Loading the Model and Tokenizer.......

Input name: input_ids
Input type: Tensor {
    ty: Int64, dimensions: [-1, -1],
    dimension_symbols: [Some("batch_size"), Some("sequence_length")] }

Input name: attention_mask
Input type: Tensor {
    ty: Int64, dimensions: [-1, -1],
    dimension_symbols: [Some("batch_size"), Some("sequence_length")] }

Output name: logits
#  <batch> <seqlength> <tokens>
Shape: [1, 256, 33]

What you may be able to discern from above:

CLI and runtime still in Rust.
Model has been converted to an ONNX file.
That ONNX file can be interpreted and run in a variety of contexts and the backends are maintained by consortia that is supported by the tech giants.
I am re-using the ESM2 tokenizer.
ONNX conversions reults in a defined INPUT/OUTPUT interface. in this case:

Inputs: The sequence tensor and the mask tensor (as i64).
Outputs: logits in the dimensions of [<batch>, <seqlength>, <vocab_size>]

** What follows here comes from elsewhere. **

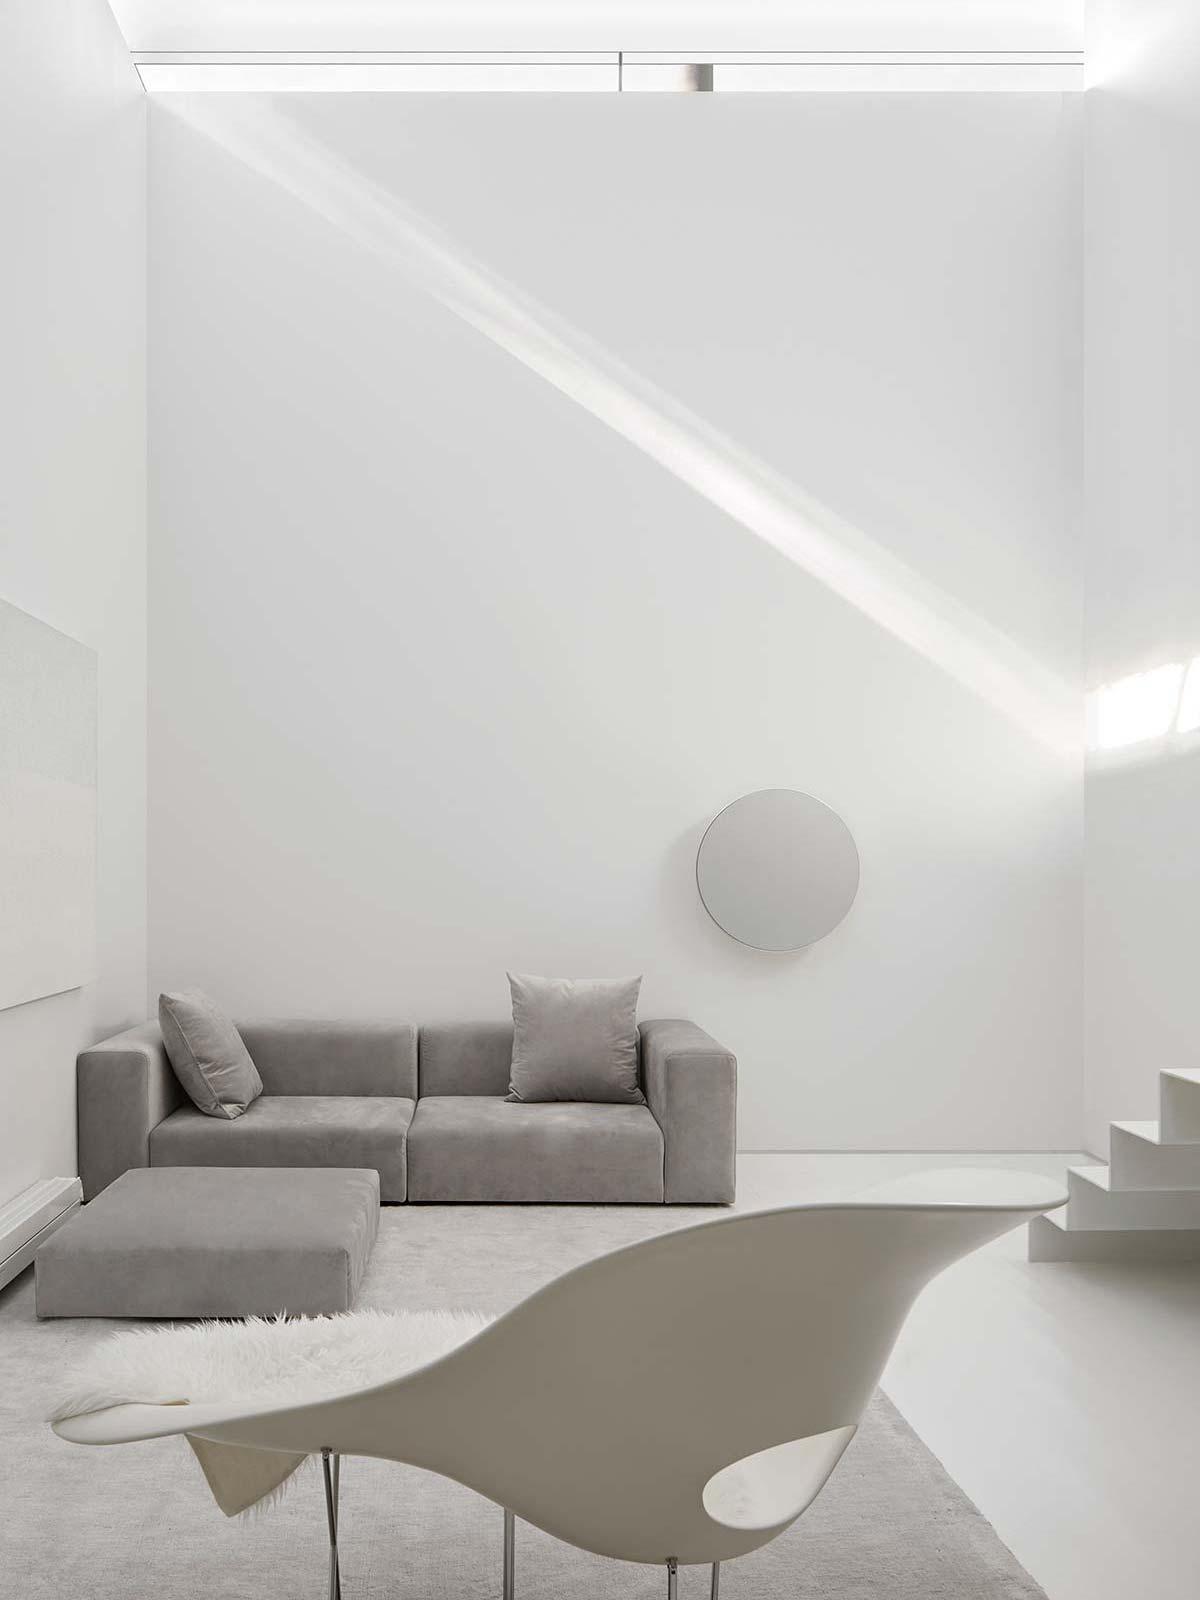 ShadowBox - Design Johnson Chou - Photo © A-Frame Studio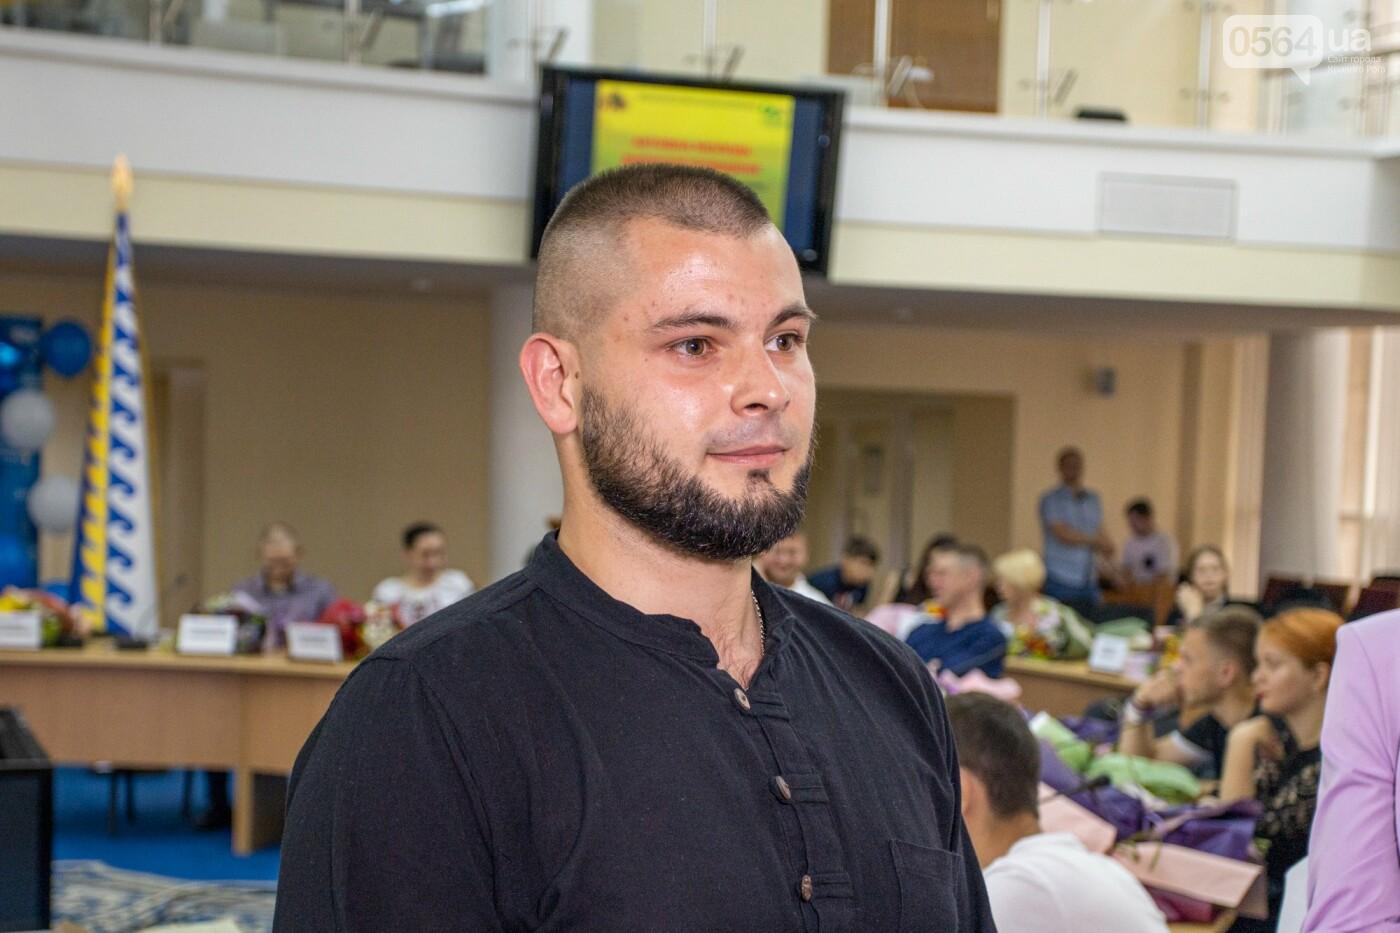 Молодым активистам Днепропетровщины вручили отличия и подарки, - ФОТО , фото-4

Basically this is a MUCH better, faster way to make pLMs accessible for local apps. I will continue to use Rust for the ferritin project but will move any of my scientific efforts downstream closer to application. For this reason I have consolidated all the various pLM models I’ve worked on into a common, simple namespace, ferritin-plms.